Arévalo also pointed out that most producers plant red beans for their own consumption and that they export the leftovers to other countries in Central America.

“We mustn’t forget that in Central America we are mestizos and we like red beans,” he said.

Albalisa Monopoly and Other Issues

The biggest irony in the government’s plan to invert its bean industry to feed Venezuela is the fact that it won’t actually be selling the beans directly. Alba Alimentos de Nicaragua SA (Albalinisa), a private entity with a sizable monopoly over exports of beef, cattle, milk and black beans to Venezuela, will serve as intermediary between the Nicaraguan producers and Venezuelan buyers. Albalinisa has seen its profits increase tenfold since it began in 2008, surpassing US$ 500 million in 2011.

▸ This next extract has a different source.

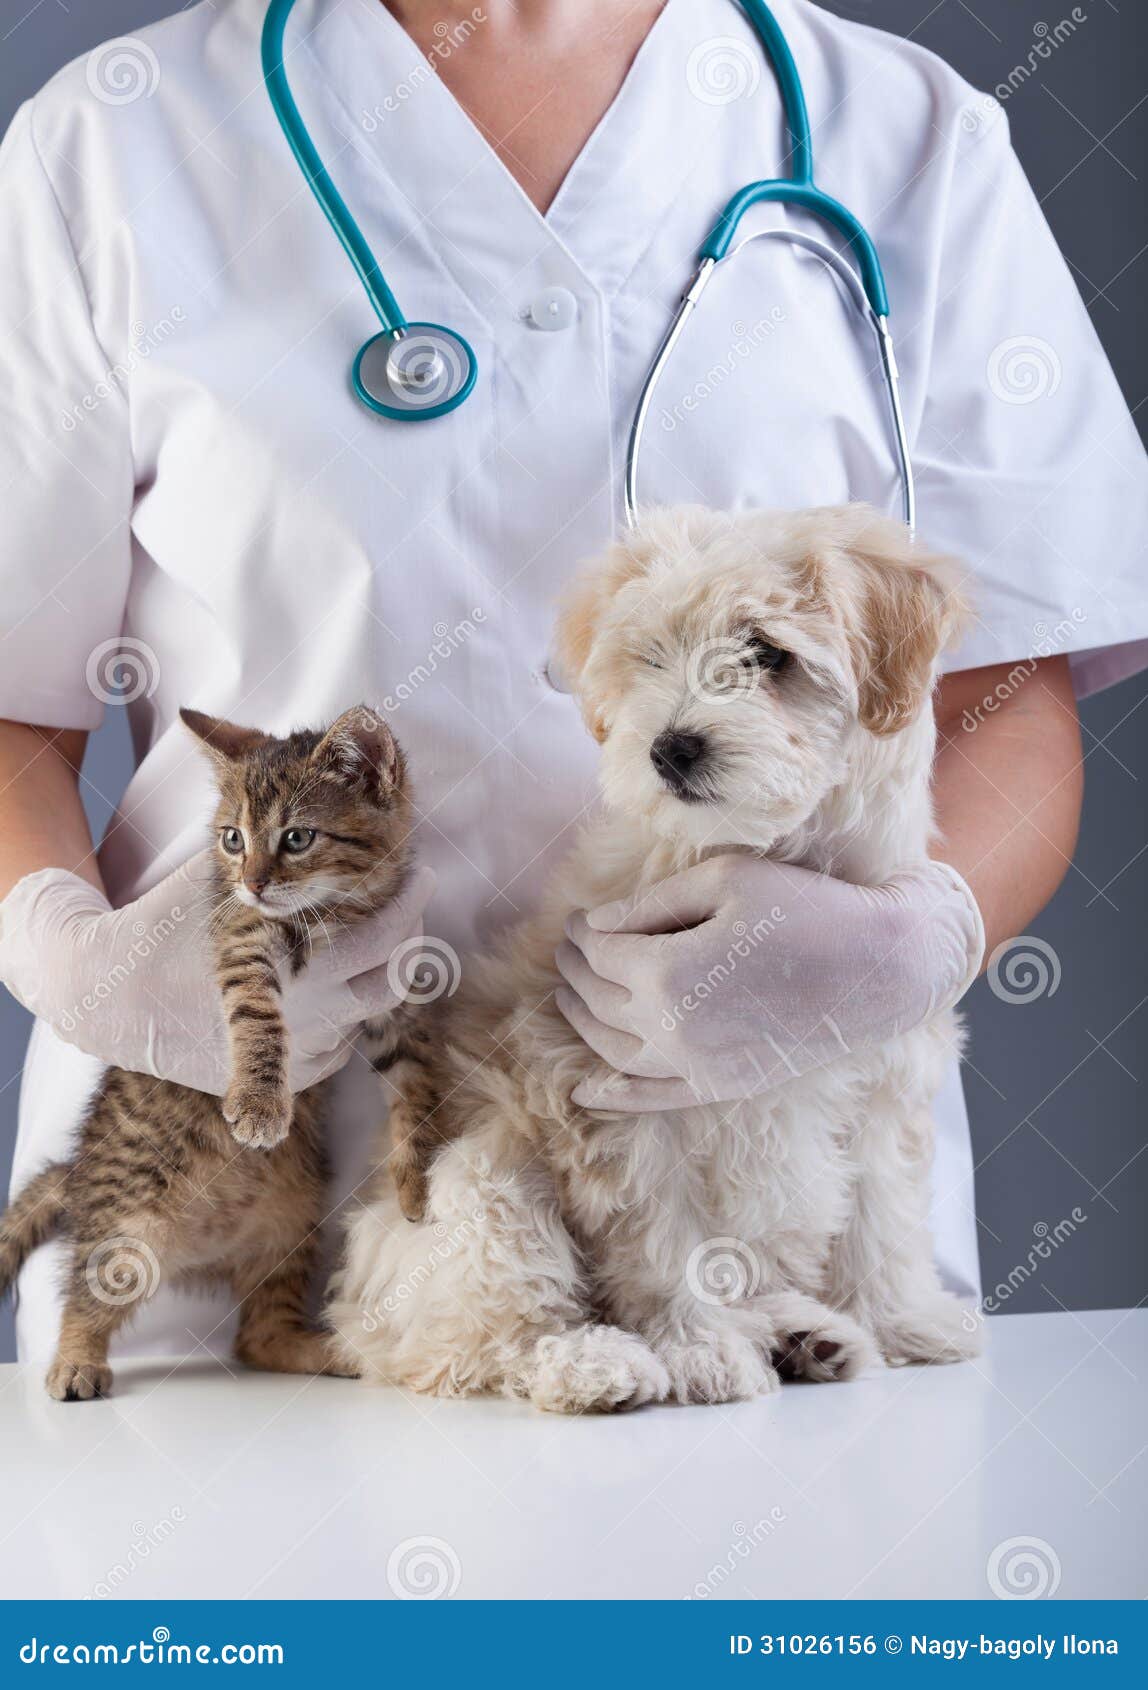 Animal Doctor Closeup with Pets Stock Photo - Image of examination, kitten:  31026156

René Navas, president of the Carazo Agricultura Cooperative of Seed Producers (Caprosec), is weary of the black bean program for this very reason. He believes the incentives are just a way for the Nicaraguan government—whose Chief Executive Daniel Ortega happens to have friendly ties with Albalinisa—to coax producers before leaving them out to dry.

“Our only market for black beans is Venezuela, and it’s true that the country needs a great quantity of beans, but we cannot sell to them directly, only through Albalinisa. A hundredweight of beans sells for US$ 100 over there, and they only pay us US$ 32.”

Navas also mentioned the issue of Venezuela’s high quality standards, which will inevitably add on production costs for the Nicaraguan producers who could soon depend on this market.

“Producers that have gotten involved with these government programs to produce black beans have ended up disappointed because (Venezuela) has very high standards for quality. They won’t buy beans with even the slightest amount of debris in the grain and this has a very high cost that’s not compensated for. If the producer doesn’t comply with these quality requirements, they are punished with low prices or can’t sell the product at all,” Navas explained.

Despite these concerns, Nicaragua is already knee deep in black bean exports to Venezuela, which increased 531% between January and May of this year. In terms of profits, bean exports have raised some US$ 4.69 million this year versus US$ 681,000 over the same period in 2012. If Nicaragua continues to follow through with the plan, economists like René Vallecillo warn that it must proceed with caution.

“Giving priority to Venezuelan exports could lead to a steep rise in prices and internal supply issues. There has to be a plan. If not we could end up with more problems ourselves for having prioritized those of another country,” Vallecillo said.